Conductor: *over announcement system* “Apologies for the delay of this service. This is due to a lowlife passenger attempting to travel on this service without a valid ticket, who apparently thinks you’re all mugs for buying one.”

(With this, the train erupted into laughter and the passenger quickly got up and ran off the train, avoiding eye contact with everyone. The train then left the station only a few minutes later than planned.)

A Receipt Defeat

| Whitehorse, YK, Canada | Crazy Requests, Transportation

Customer: “Hey, you wouldn’t happen to remember me, would you?”

Me: “No, I can’t say that I do.”

Customer: “Well, I bought a car battery off you a couple of months ago and I was just wondering if you remembered me.”

Me: “No, I don’t remember you.”

Customer: “I was hoping you would remember me buying a battery from you. It wasn’t that long ago.”

Me: “Well, I’m sorry, but I don’t remember you at all. Why is it important that I remember selling a battery to you?”

Customer: “I want to bring a battery back and get a new one under warranty”

Me: “All you need to bring a battery back under warranty is the original receipt. You don’t need to find the same person that sold you the battery.”

Customer: “That’s the thing; I can’t find the receipt so I was hoping you could vouch for me buying the battery from you so I could exchange the battery.”

Me: “Even if I remembered you, you still need the original receipt and paperwork with the serial number and warranty program number on it.”

Customer: “So there’s no way to get an exchange on a battery without the receipt even if you remember me?”

Me: “Yes.Even if I remembered you, you still need the receipt.”

Customer: “Do you guys keep a copy of the receipt anywhere?”

Me: “No, sir, we give you the receipt.”

Customer: “Wow, that sucks.”

Driving Directionless

| CT, USA | Crazy Requests, Extra Stupid, Transportation

(We have tricky pumps and constantly have.to explain to people how to use them…)

Customer: “The f****** pumps are not working!”

Me: “You have to push in the nozzle all the way.”

Customer: “I f****** did that. Can’t you just come and f****** help me?”

Me: “I’m busy right now; I’ll be outside in two minutes.”

(I wait two minutes and go outside and try pushing the nozzle all the way in and it doesn’t work… so I read the display screen.)

Me: “Sir, it says you need to lower the lever.”

Customer: “Well, at every other gas station you lift it up!”

Me: *slams down lever* “Well, at this gas station we follow directions.”

A Speedy Resolution

| VA, USA | Criminal/Illegal, Transportation

(Working at a used car lot, I receive the following phone call:)

Customer: “I bought a car from you guys, and it has a vibration at 80 miles per hour, can you tell me what’s causing that?”

Me: “What is the vehicle in question sir?”

Customer: “A 2004 [Car].”

Me: “Sir, a slight vibration at high speed is normal in an 11 year old vehicle.
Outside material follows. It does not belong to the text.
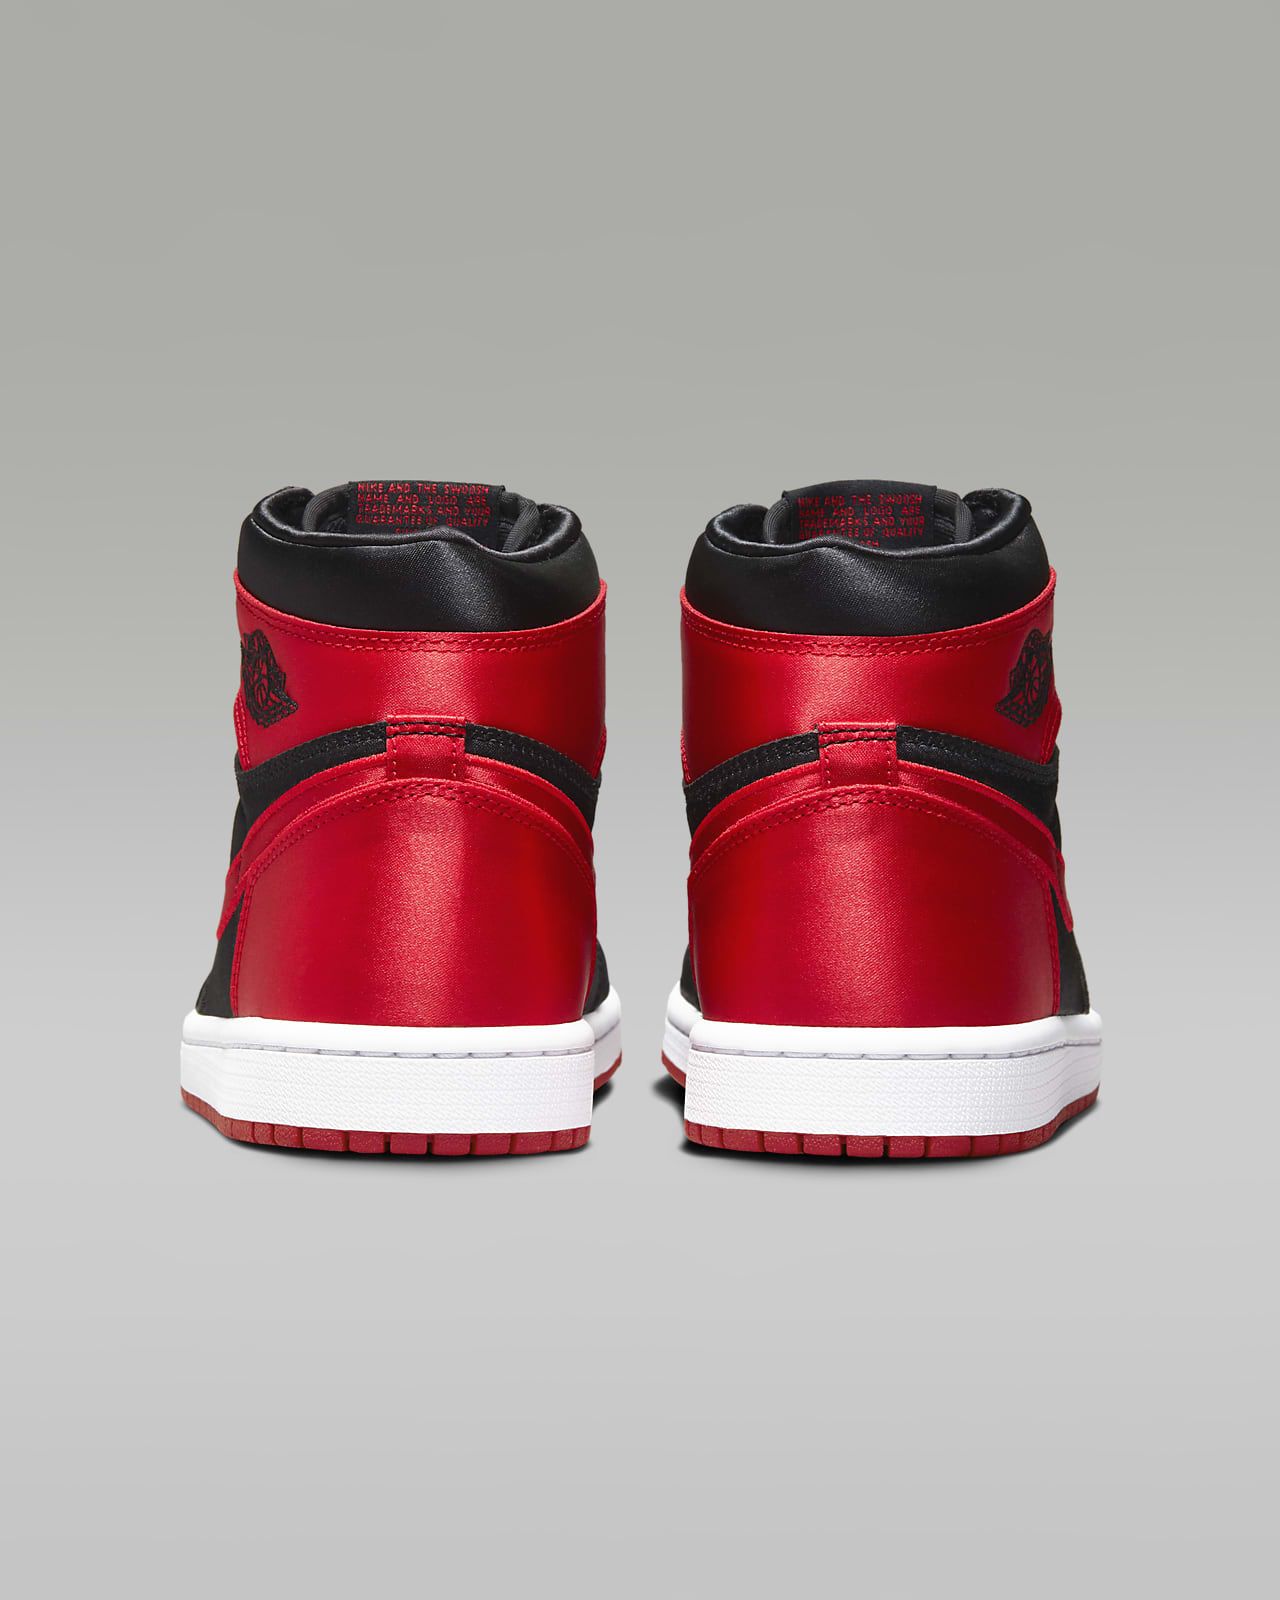 Air Jordan 1 High OG "Satin Bred" | Nike (US)

Nothing is ‘causing’ it.”

Customer: “You don’t understand. I just want to know what’s causing the vibration in my car at 75, 80 miles per hour.”

Me: “Sir, is there any vibration at lower speeds?”

Customer: “No.”

Me: “Sir, that is normal operation for that vehicle.”

Customer: “So,what might be causing this vibration?”

Me: “…Sir, where in the state of Virginia are you finding a road with a speed limit of 80 miles per hour?”

Customer: “What? What does that have to do with my vibration?”

Me: “Sir, you are asking me to fix a problem that is occurring when you are operating your vehicle in an illegal fashion. You’ve already told me that there is no vibration at lower speeds, and the vibration only occurs when you violate the speed limit laws. I can’t very well fix a problem I can’t duplicate, and since our technicians don’t test drive customers’ vehicles at illegal speeds, I will never find the issue you’re describing.”